WHAT THIS TASK INVOLVES –
Give all the lines below again, exactly, with no pictures.

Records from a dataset
....................

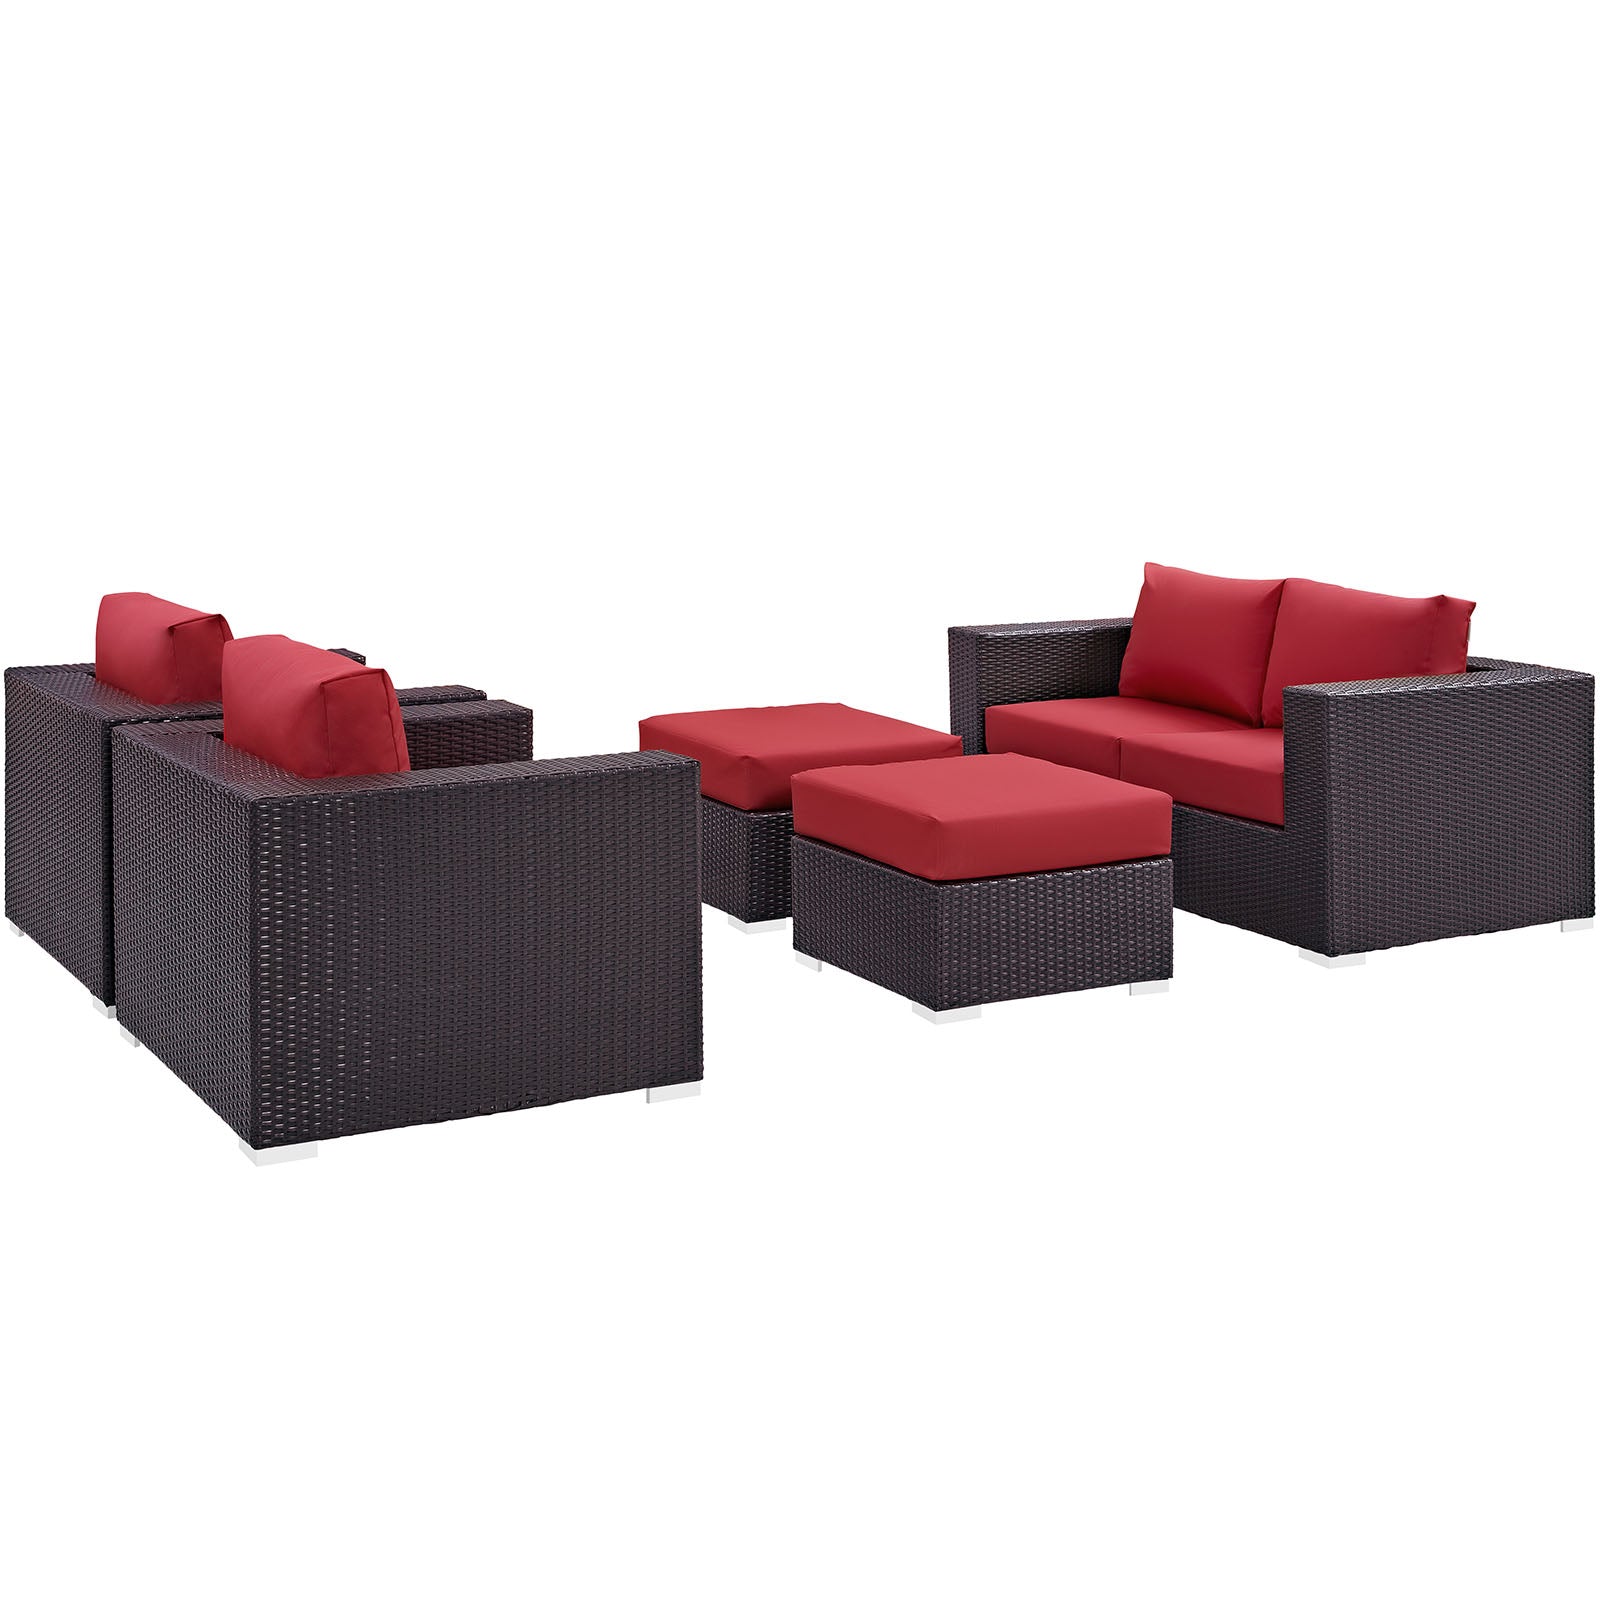 Modway - Convene 5 Piece Outdoor Patio Sofa Set - EEI-2158
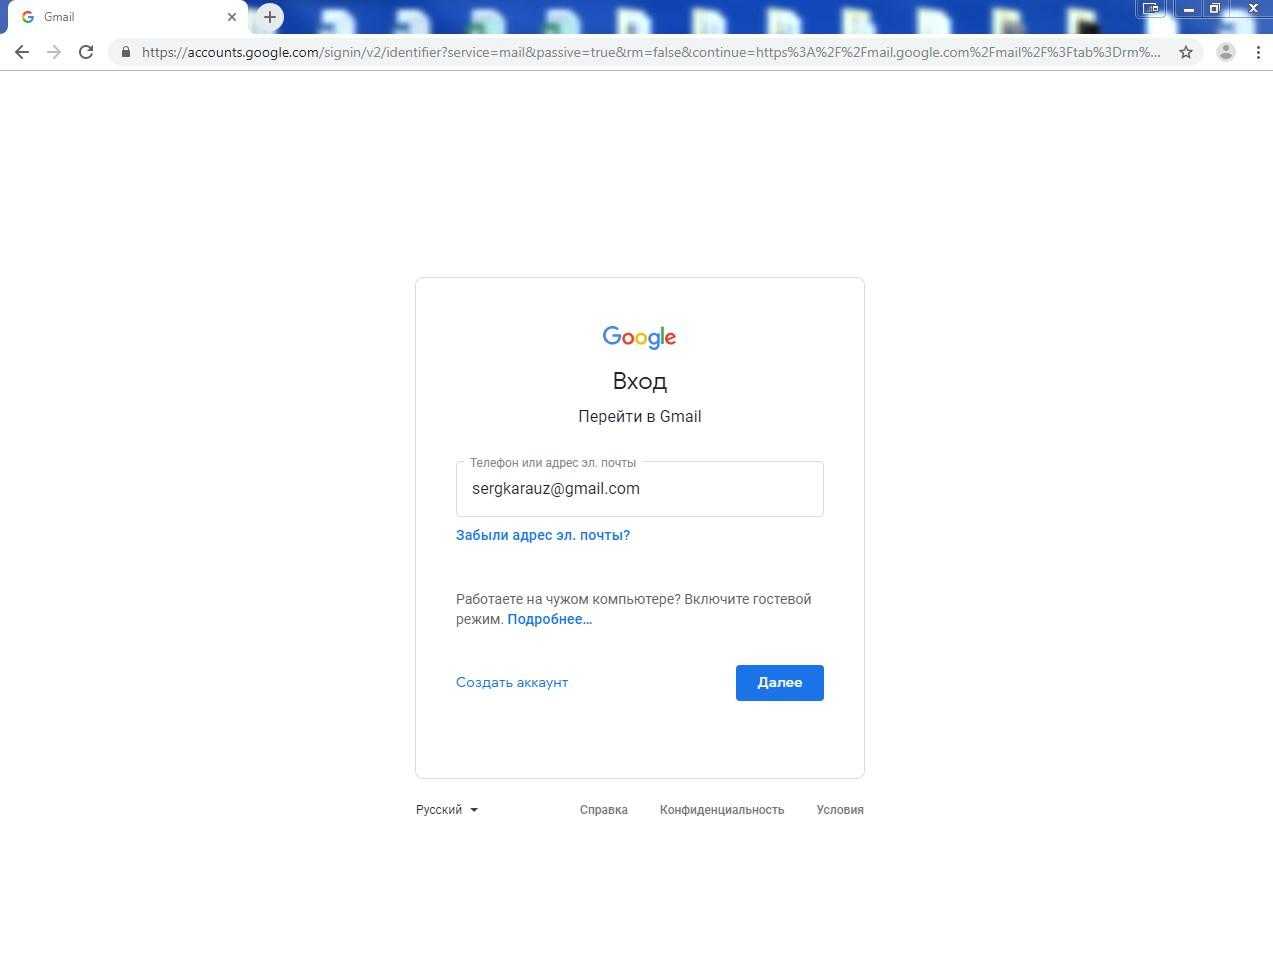 Как восстановить аккаунт google на андроиде: пароль, дотуп тарифкин.ру
как восстановить аккаунт google на андроиде: пароль, дотуп
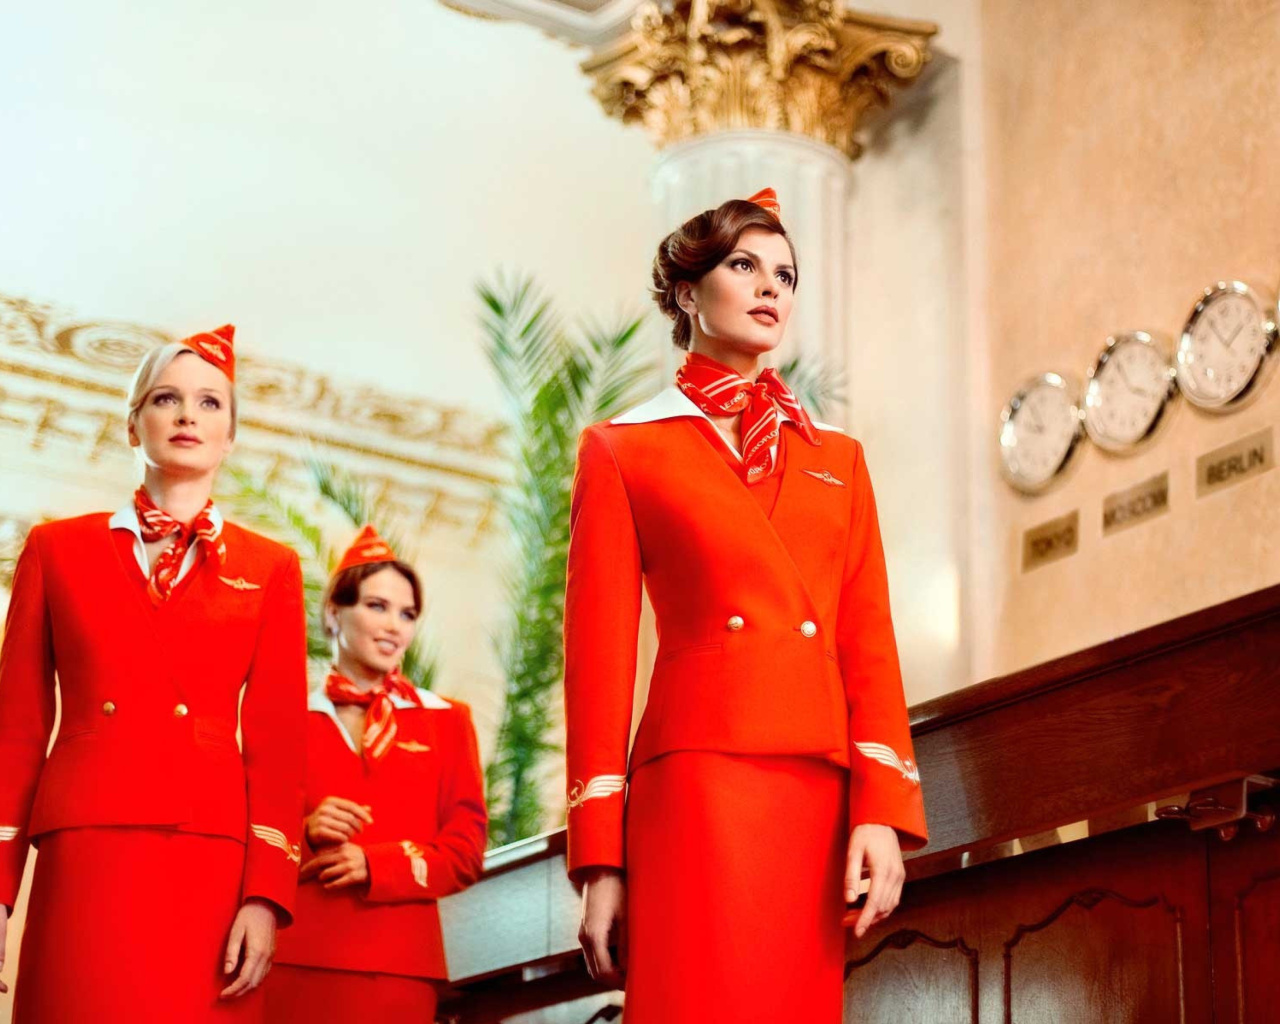 Aeroflot Flight attendant screenshot #1 1280x1024
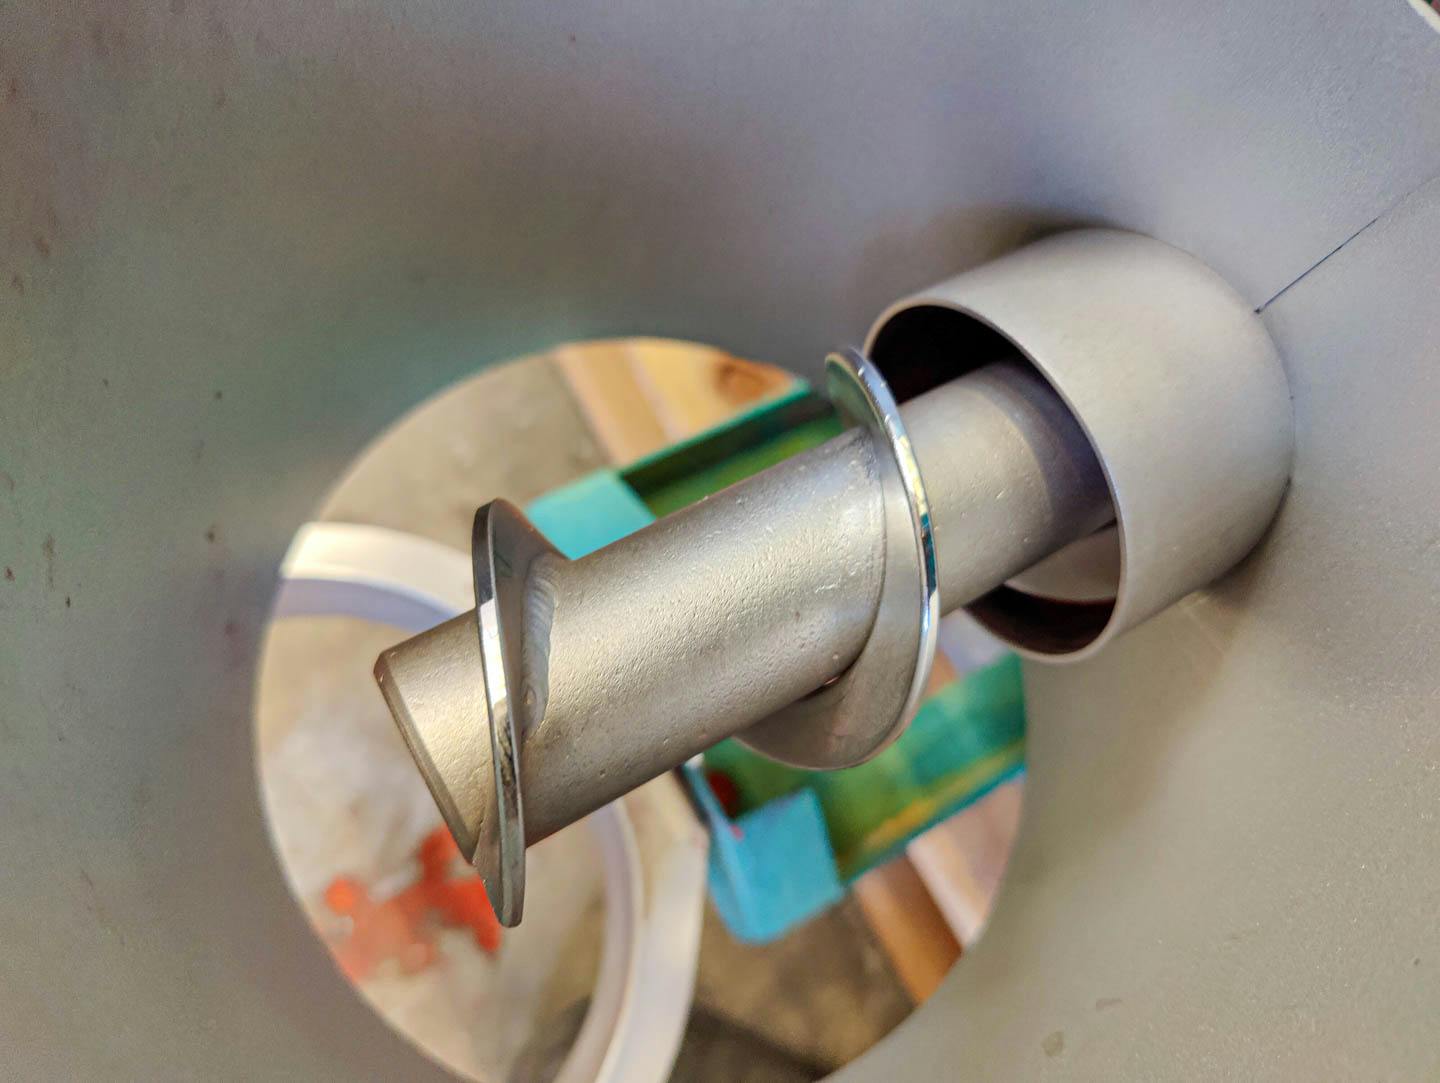 Schenck - Metering screw - image 7
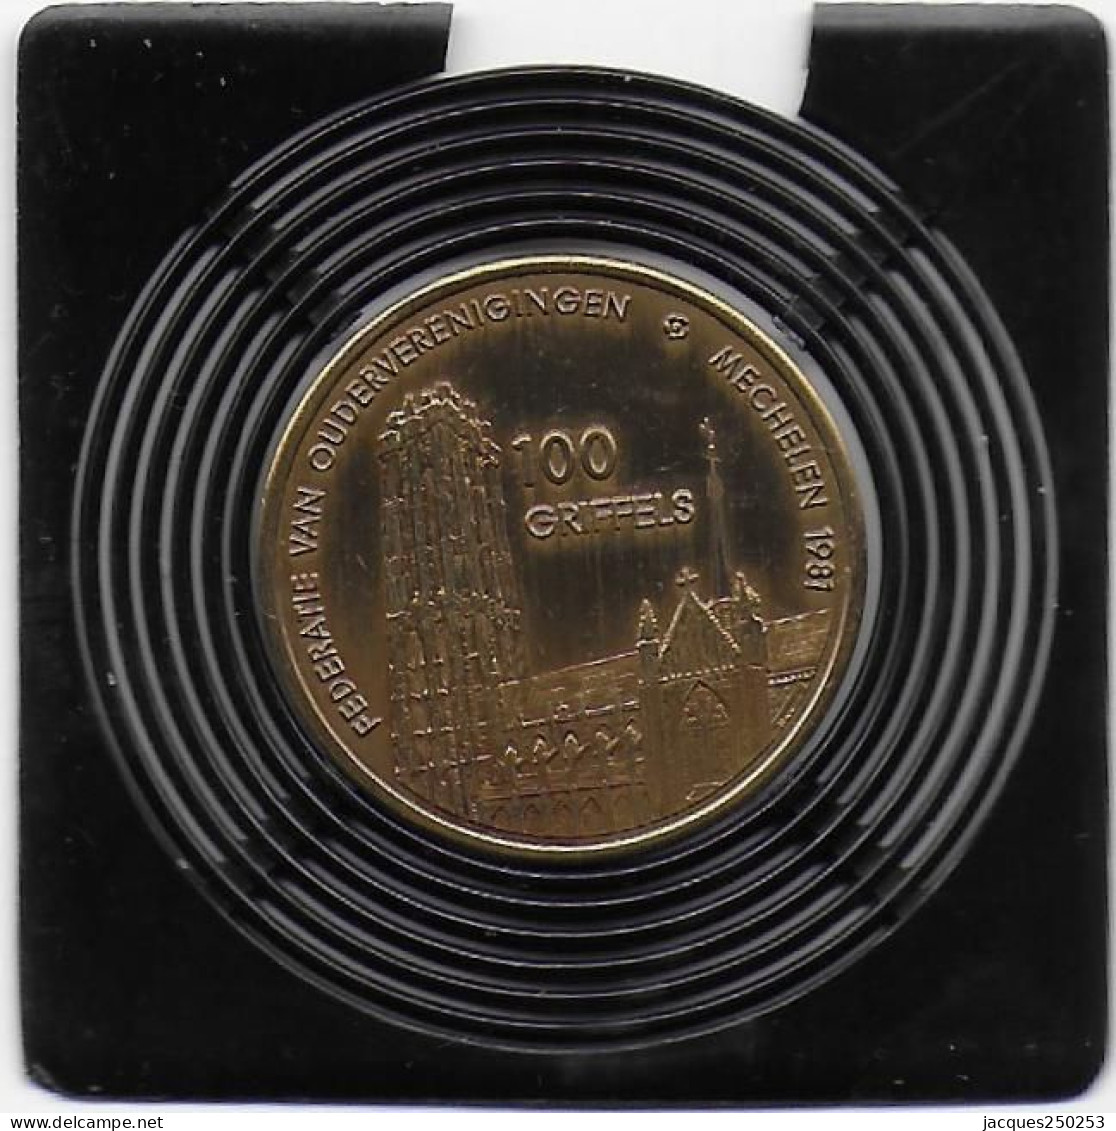 100 GRIFFELS 1981 MECHELEM - Gemeindemünzmarken

....................

PROBLEM SOLUTION –
 Modway - Convene 5 Piece Outdoor Patio Sofa Set - EEI-2158
 Как восстановить аккаунт google на андроиде: пароль, дотуп тарифкин.ру
как восстановить аккаунт google на андроиде: пароль, дотуп
 Aeroflot Flight attendant screenshot #1 1280x1024
 Schenck - Metering screw - image 7
 100 GRIFFELS 1981 MECHELEM - Gemeindemünzmarken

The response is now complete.